TASK DIRECTIONS =>
In the listing below, locate the line with "HP EliteDesk 800" and the line with "Image of first", then output both and everything between them exactly, minus any pictures.

INPUT =>
◆ ◆ ◆ ◆

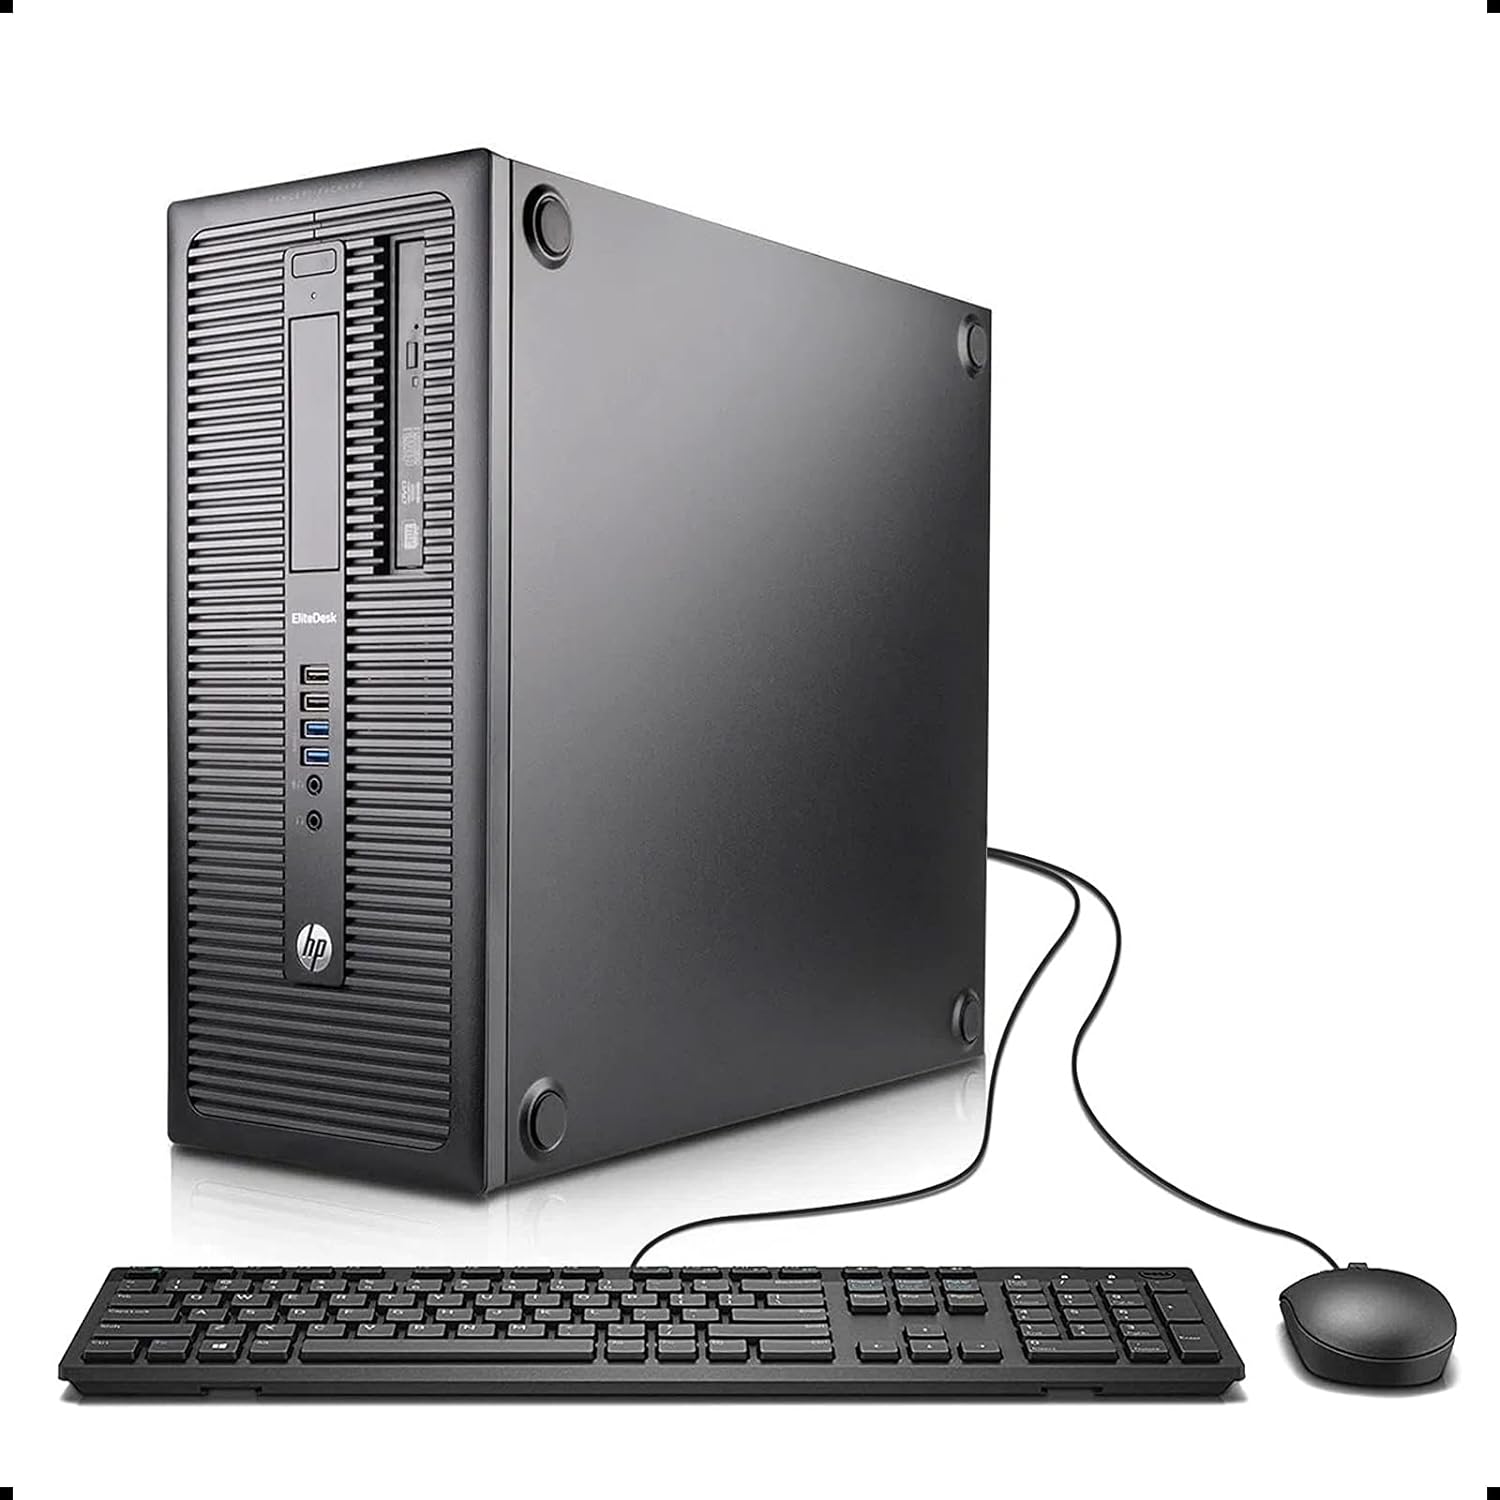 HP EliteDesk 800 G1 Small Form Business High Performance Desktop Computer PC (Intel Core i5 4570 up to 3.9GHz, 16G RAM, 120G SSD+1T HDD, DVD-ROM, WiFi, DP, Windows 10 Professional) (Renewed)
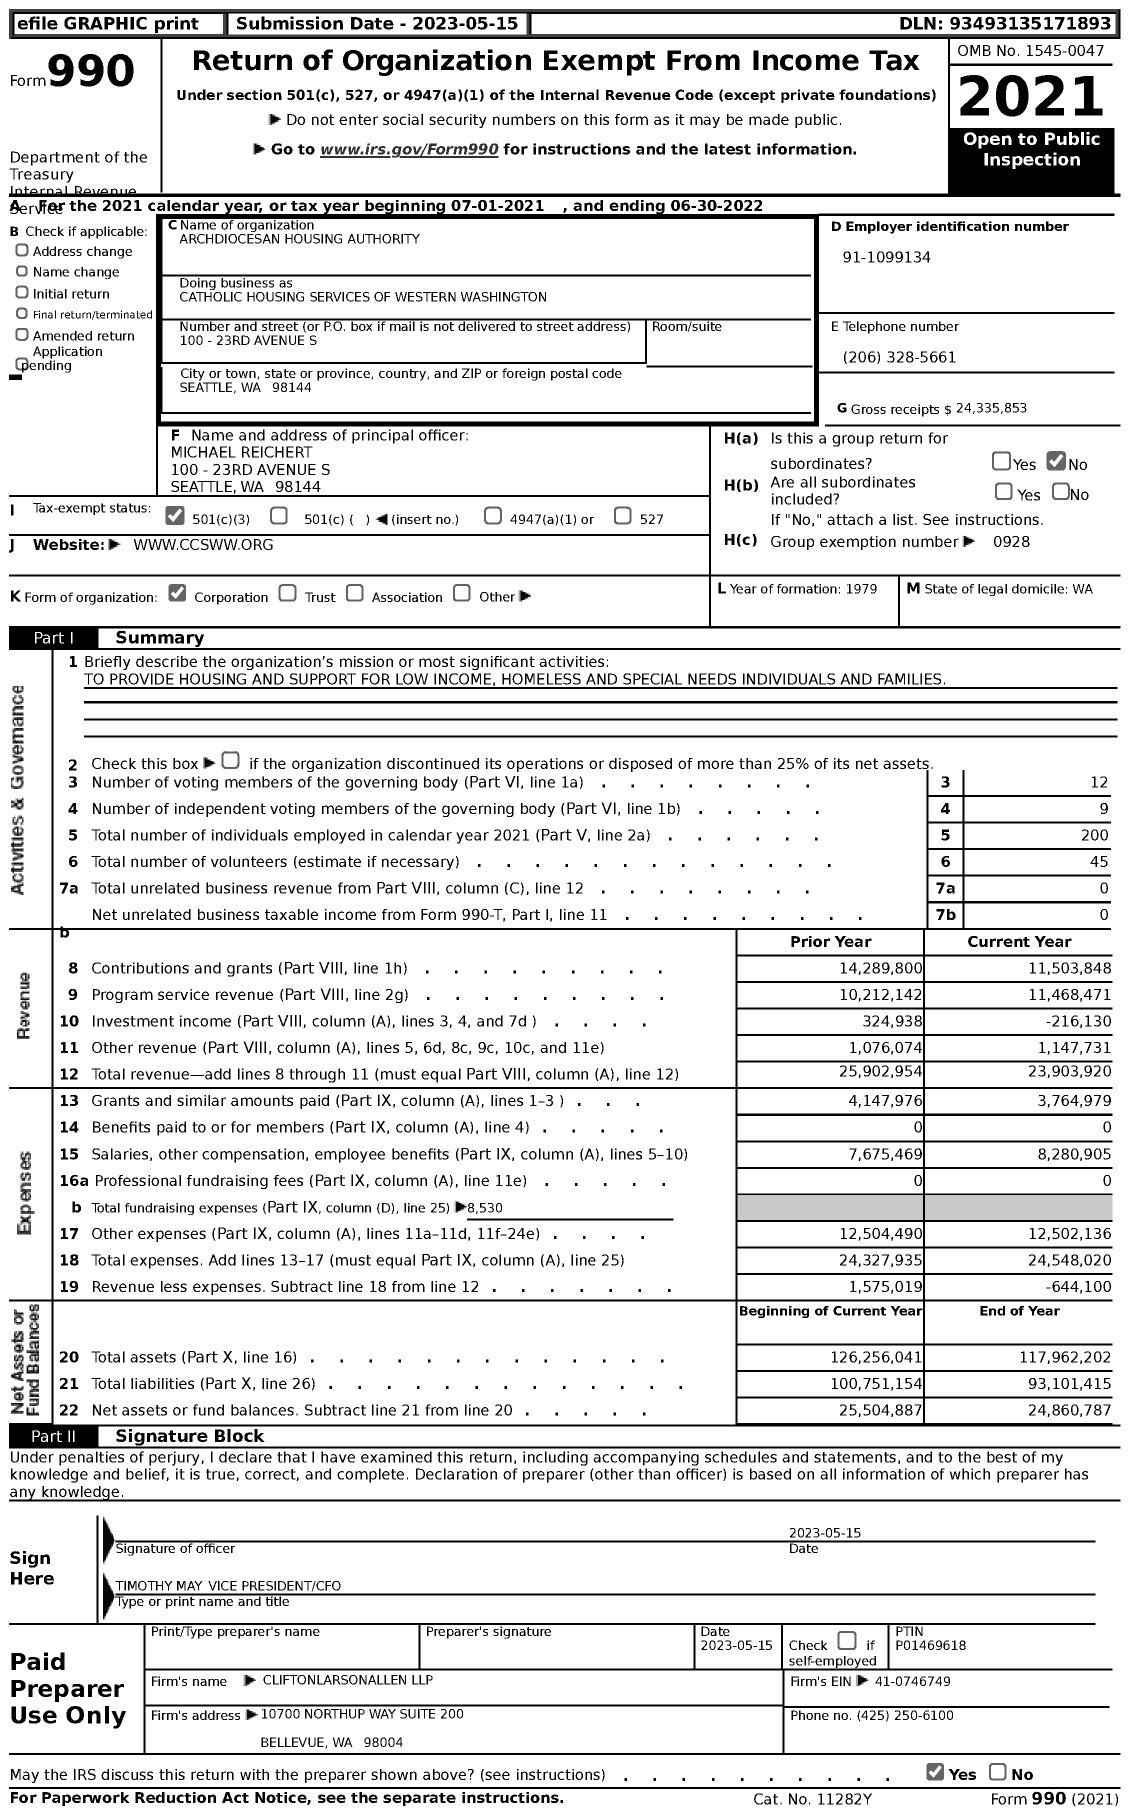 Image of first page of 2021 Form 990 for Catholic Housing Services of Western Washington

◆ ◆ ◆ ◆

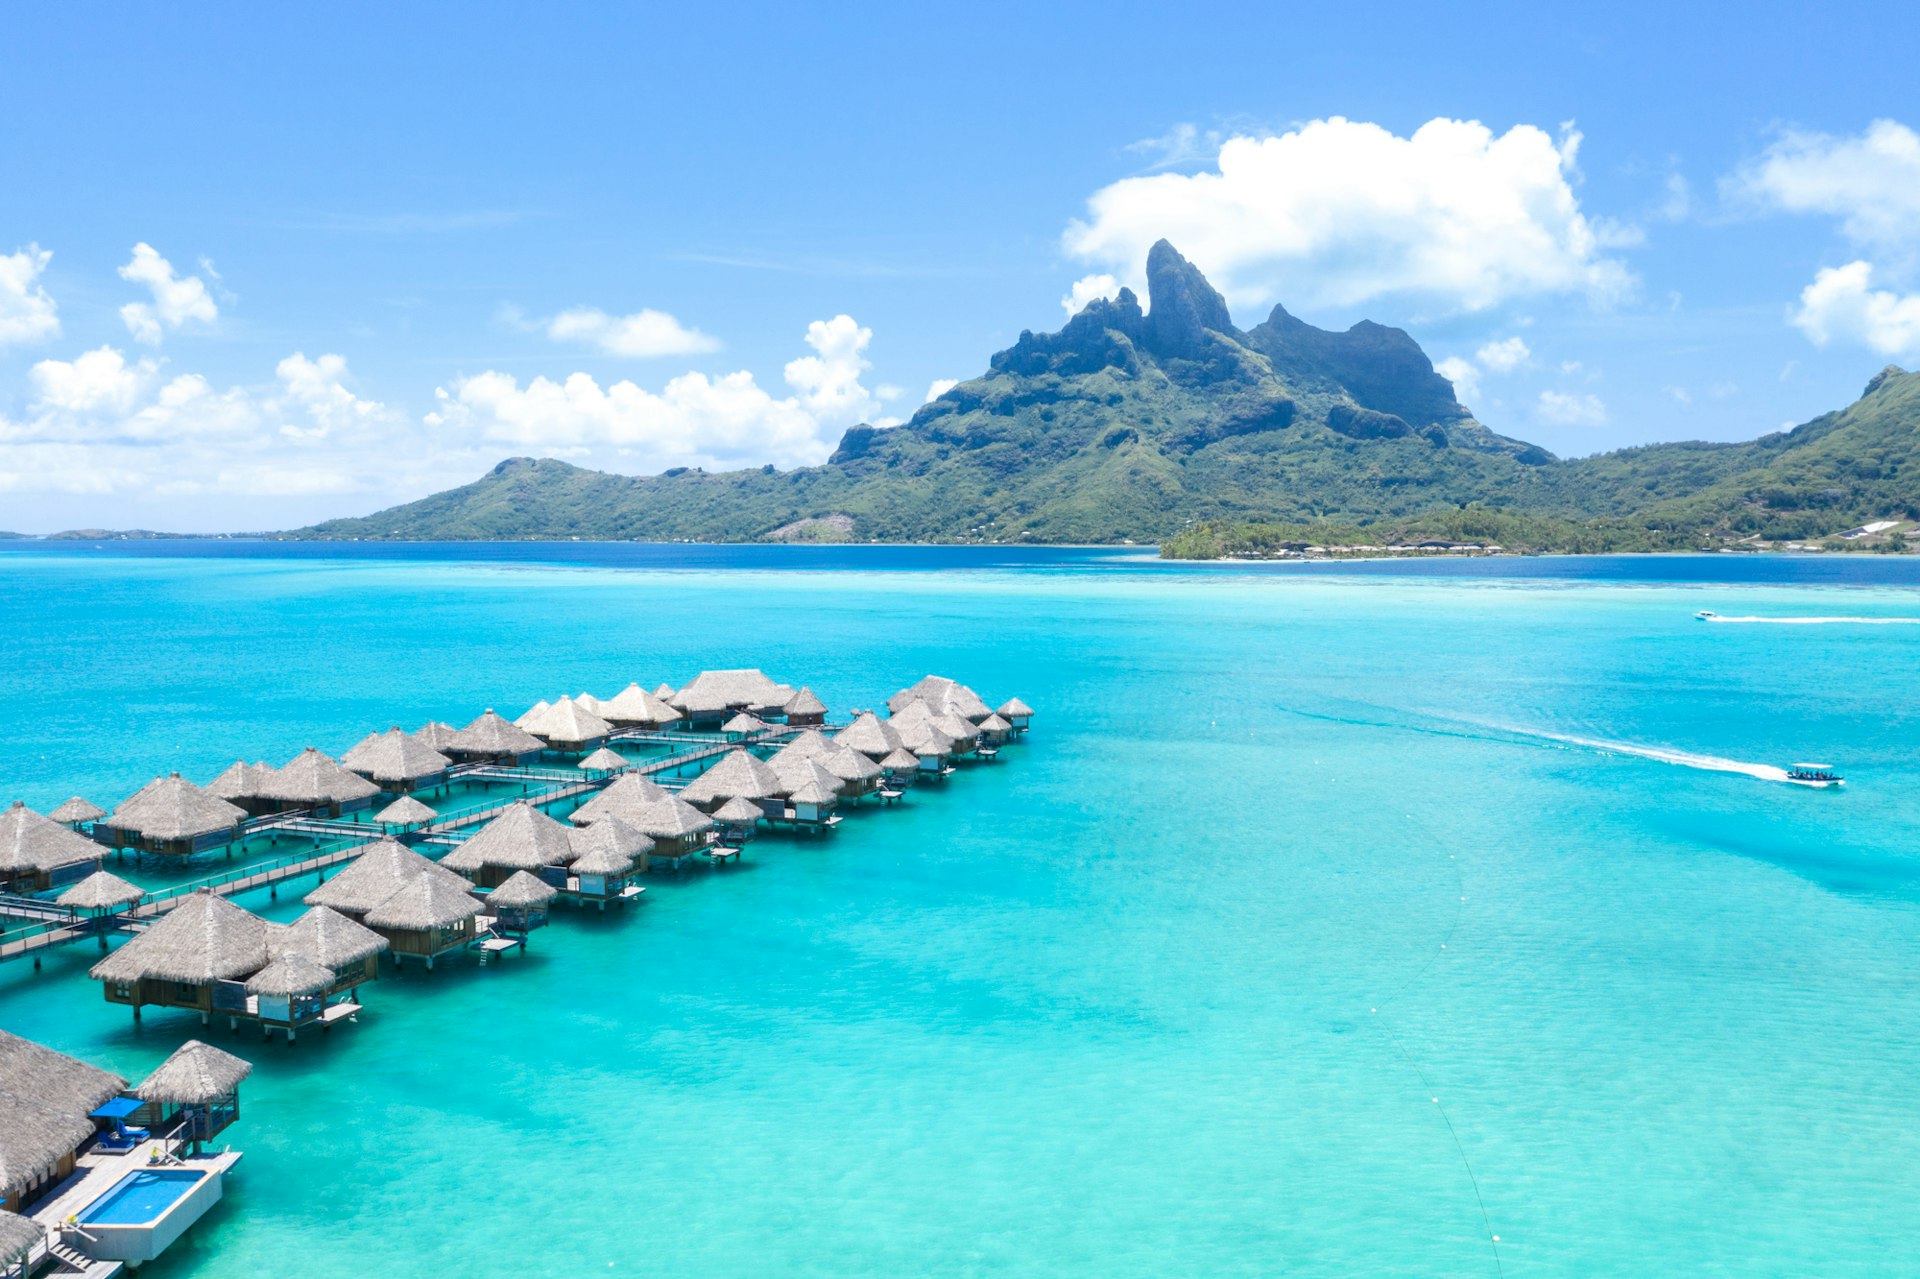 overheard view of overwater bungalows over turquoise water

◆ ◆ ◆ ◆

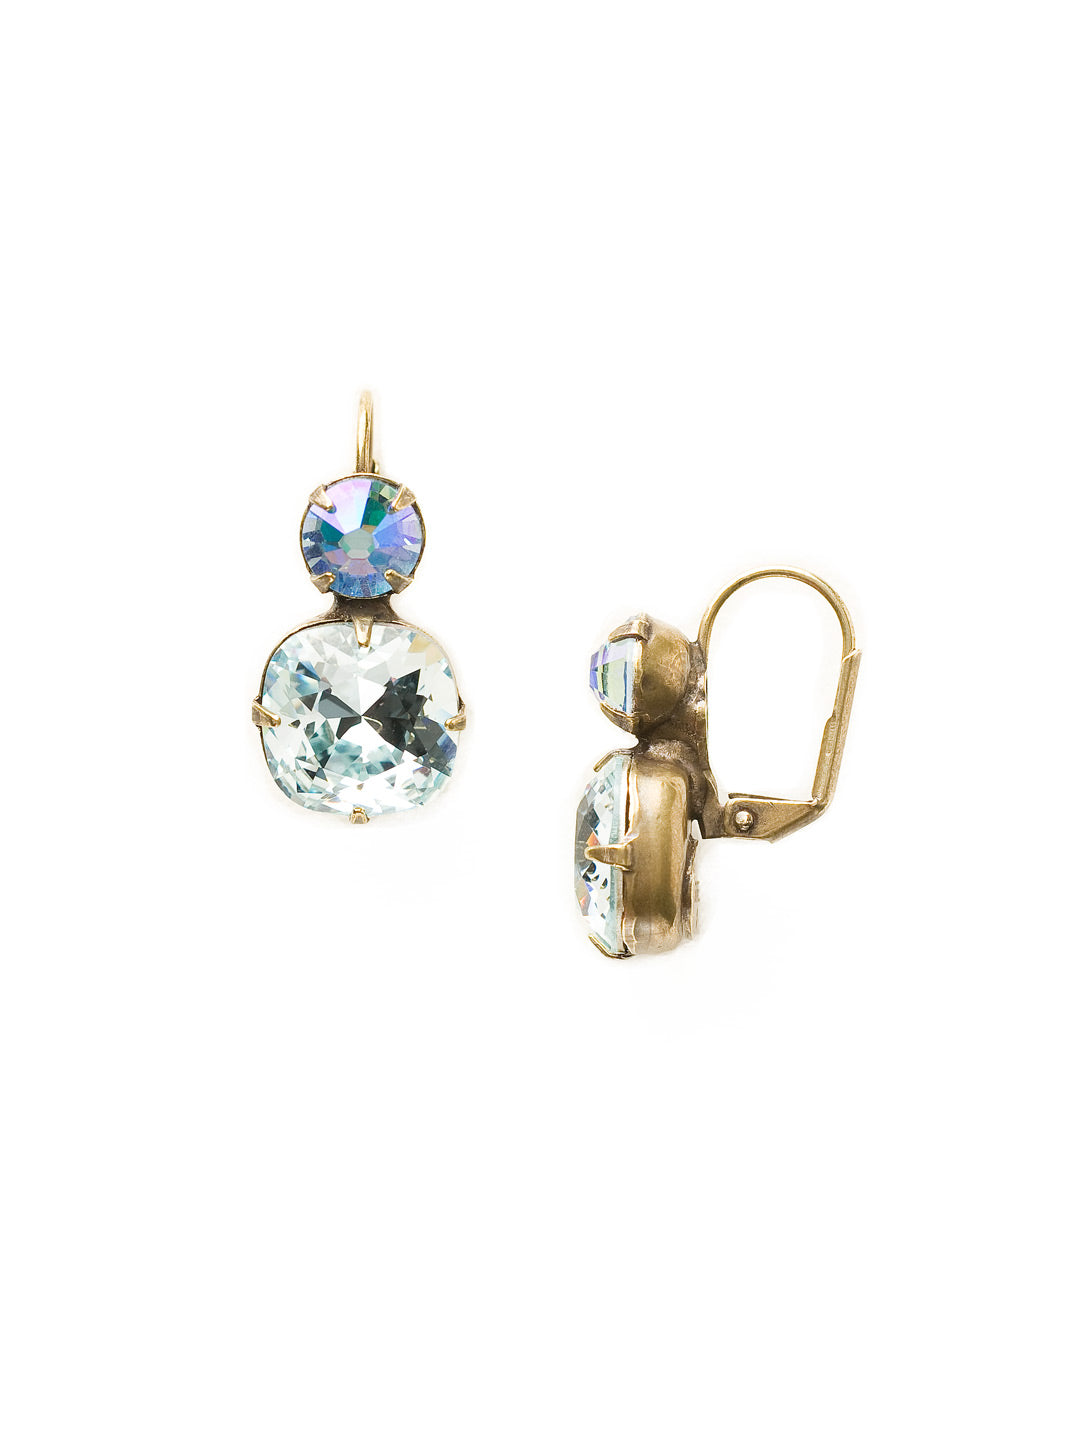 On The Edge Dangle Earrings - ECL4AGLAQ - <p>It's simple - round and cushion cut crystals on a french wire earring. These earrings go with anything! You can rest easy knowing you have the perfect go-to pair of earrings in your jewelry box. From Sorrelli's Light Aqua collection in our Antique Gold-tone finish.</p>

◆ ◆ ◆ ◆

RESPONSE AREA =>
 HP EliteDesk 800 G1 Small Form Business High Performance Desktop Computer PC (Intel Core i5 4570 up to 3.9GHz, 16G RAM, 120G SSD+1T HDD, DVD-ROM, WiFi, DP, Windows 10 Professional) (Renewed)
 Image of first page of 2021 Form 990 for Catholic Housing Services of Western Washington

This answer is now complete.